▶ [What to work on] Down to the final line, write out the material beneath exactly, without pictures.

▶ [Recorded data]
- - -
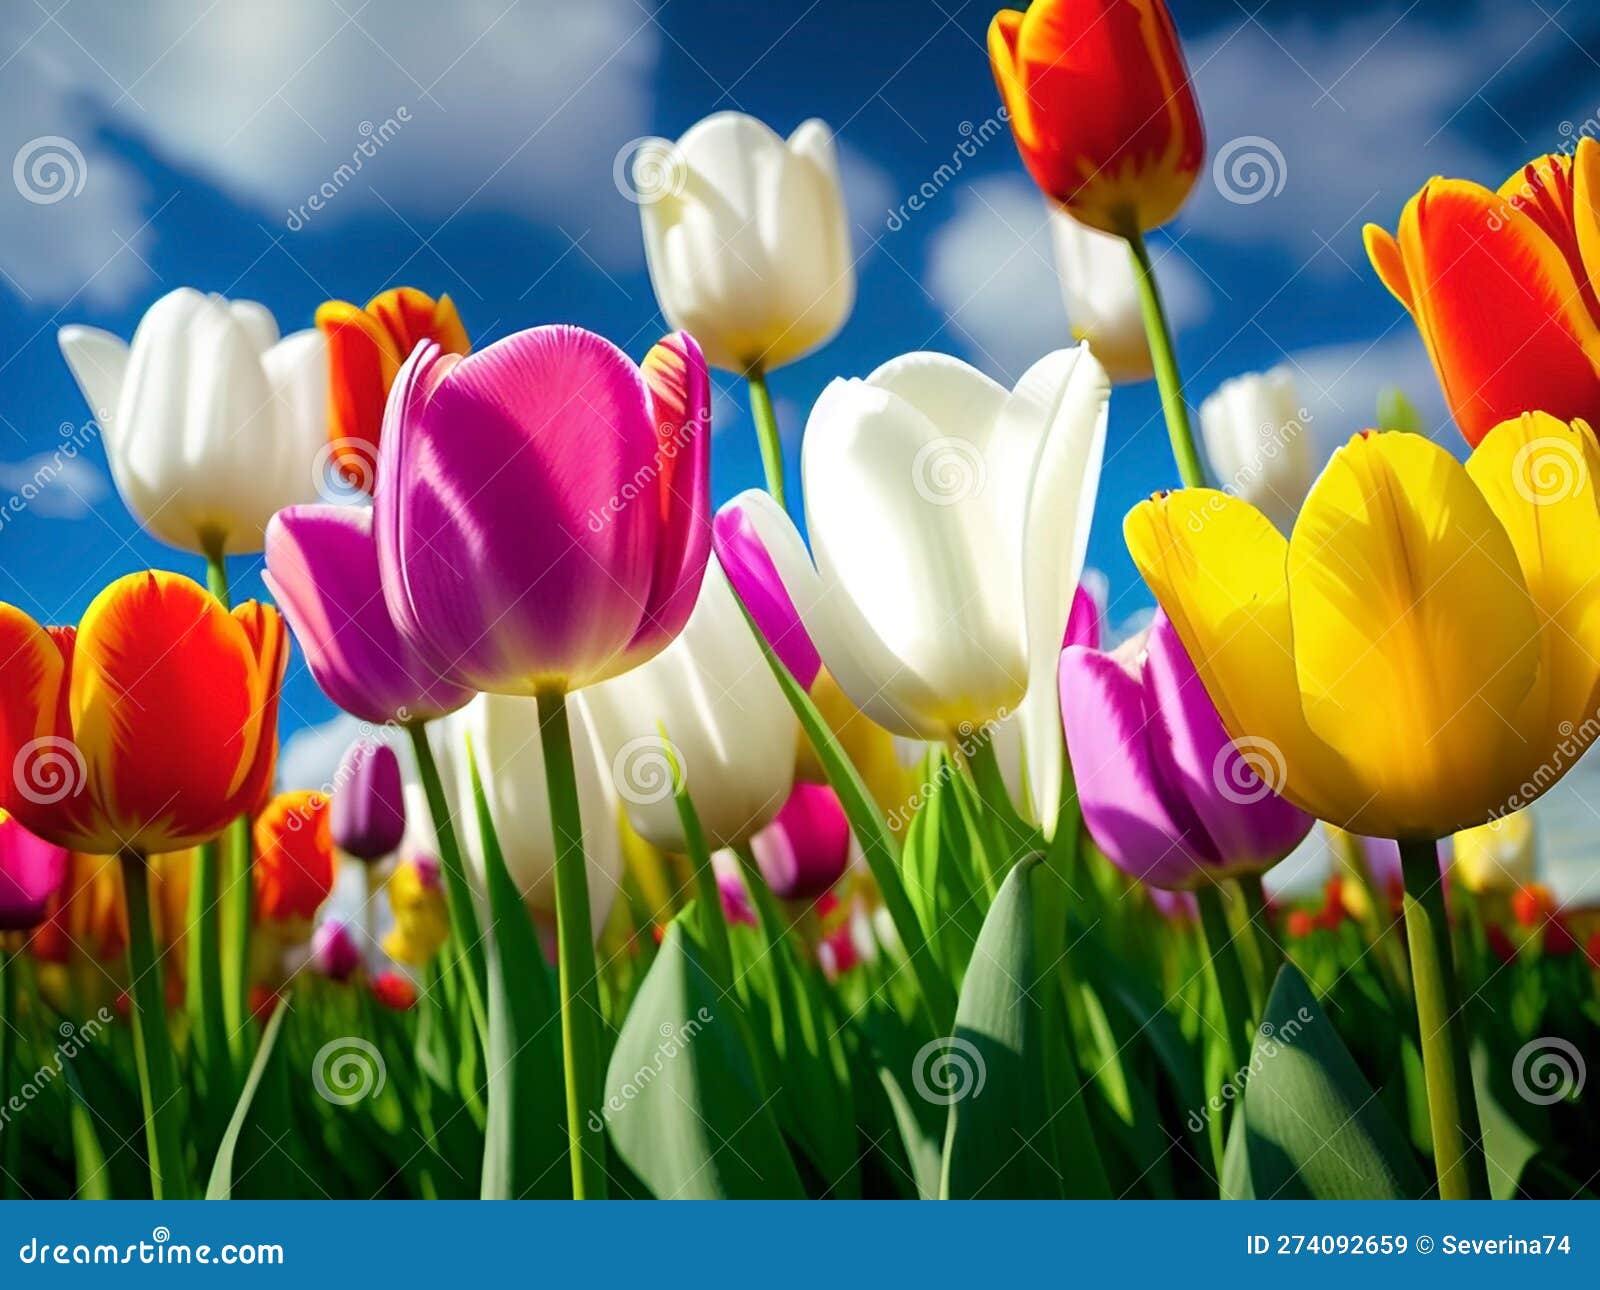 colorful tulips in a tulip field against blue sky at spring day. beautiful tulipanes flower for postcard
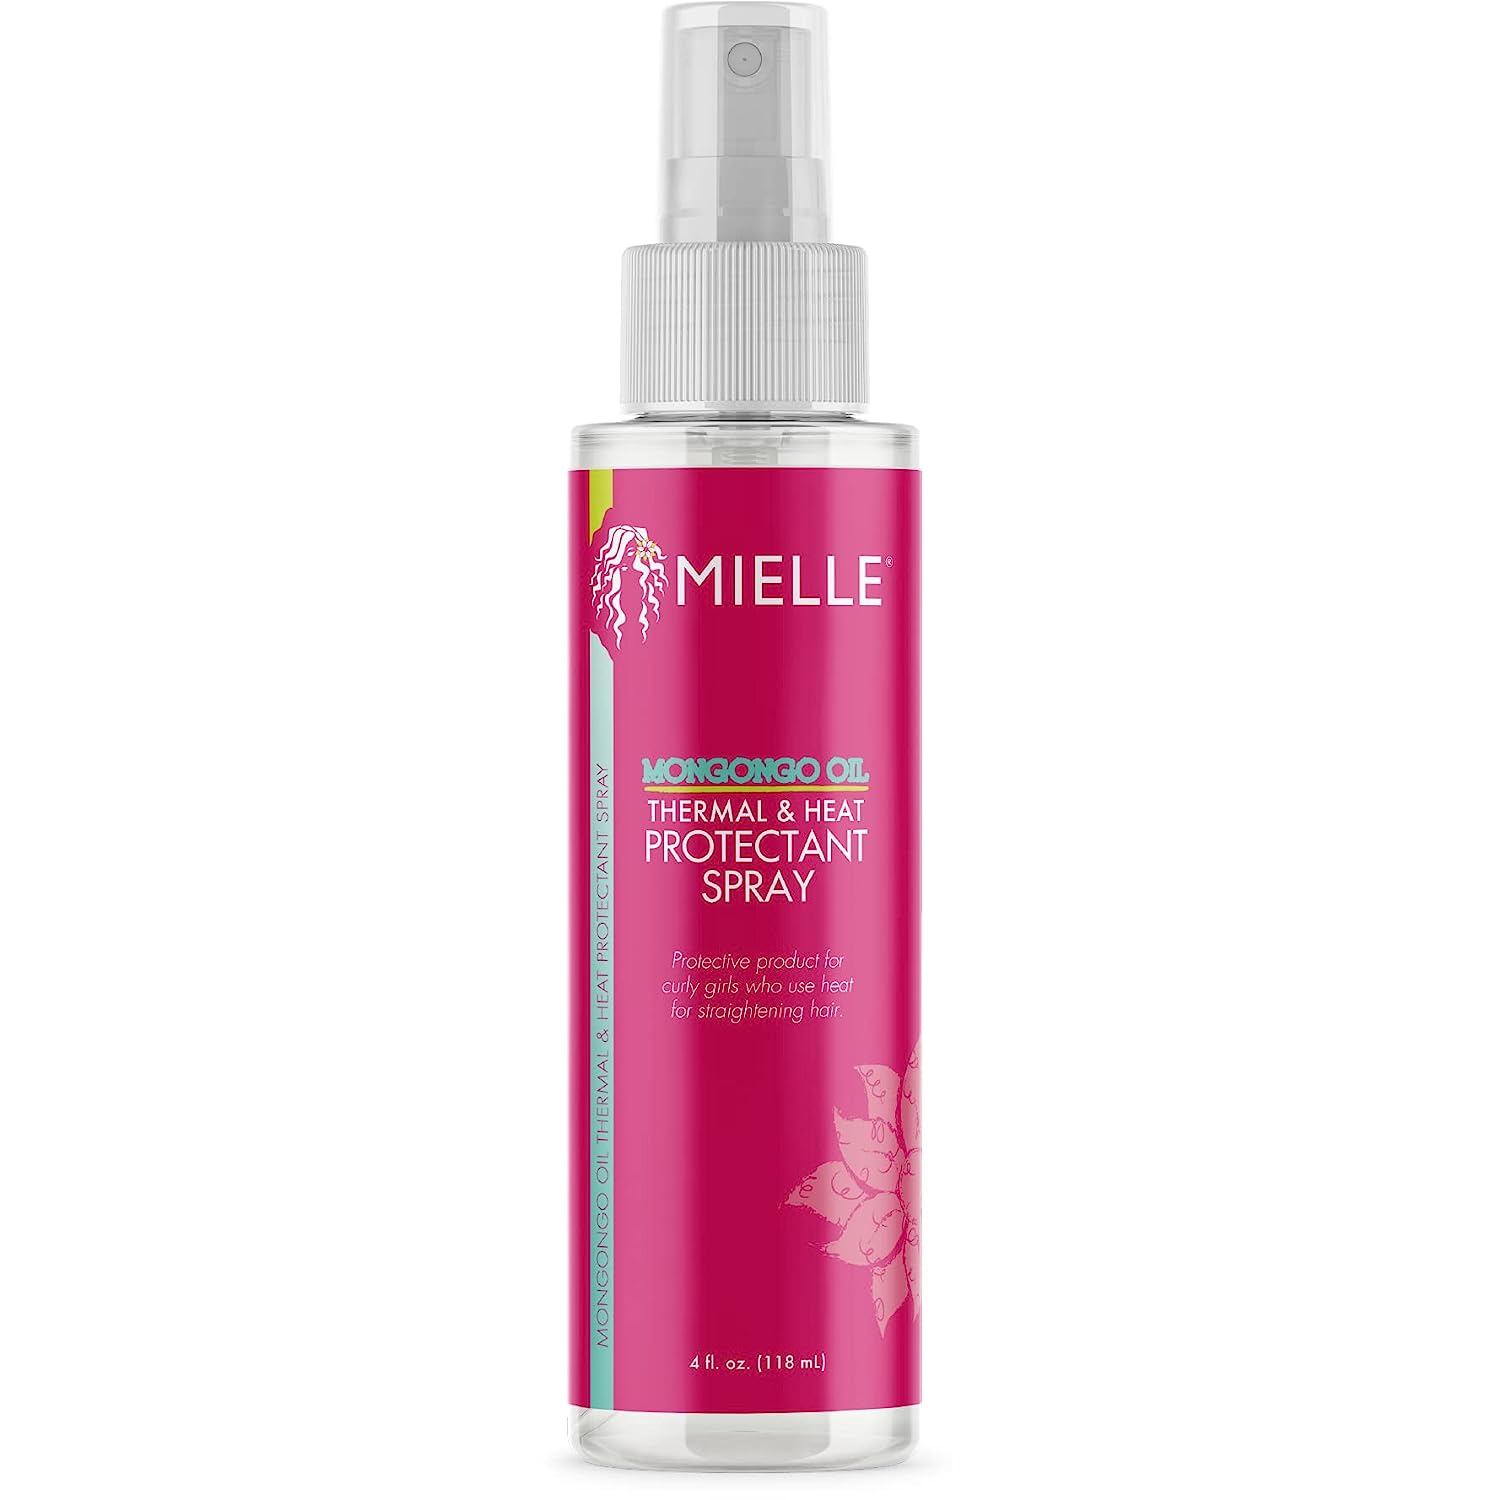 Mielle Organics Mongongo Oil Thermal & Heat Protectant [...]
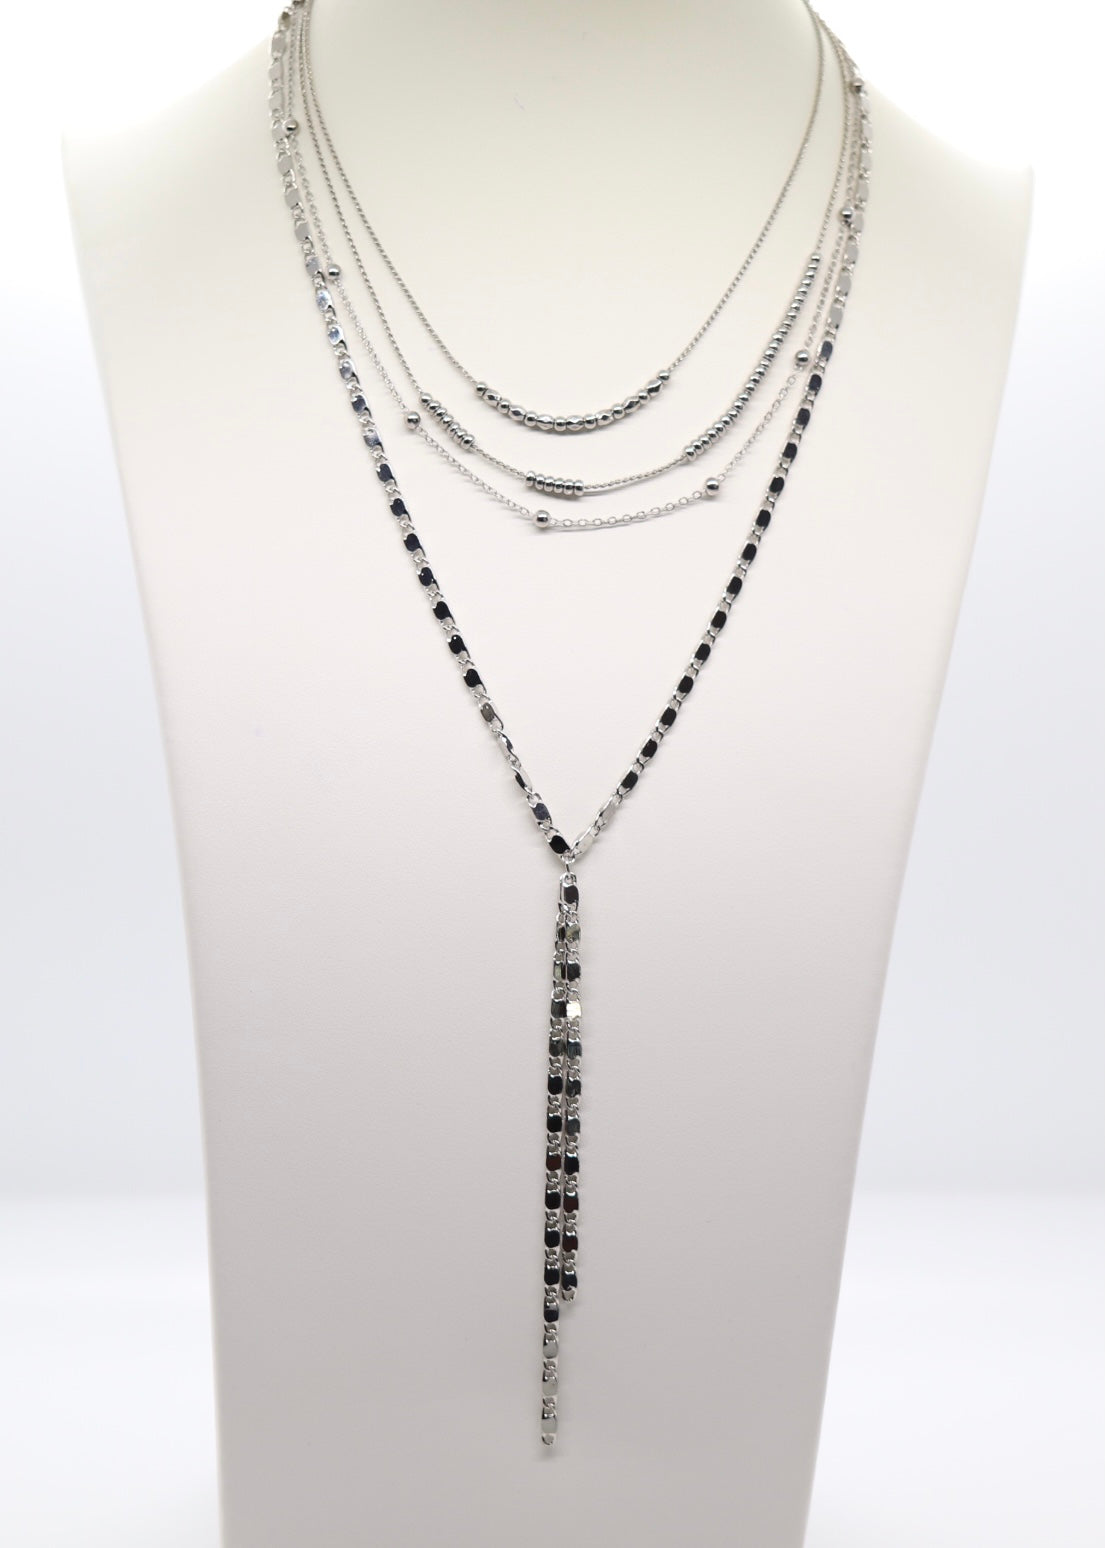 4 Layer Silver Beaded Necklace
- - -
▶ [Problem solution]
 colorful tulips in a tulip field against blue sky at spring day. beautiful tulipanes flower for postcard
 Mielle Organics Mongongo Oil Thermal & Heat Protectant [...]
 4 Layer Silver Beaded Necklace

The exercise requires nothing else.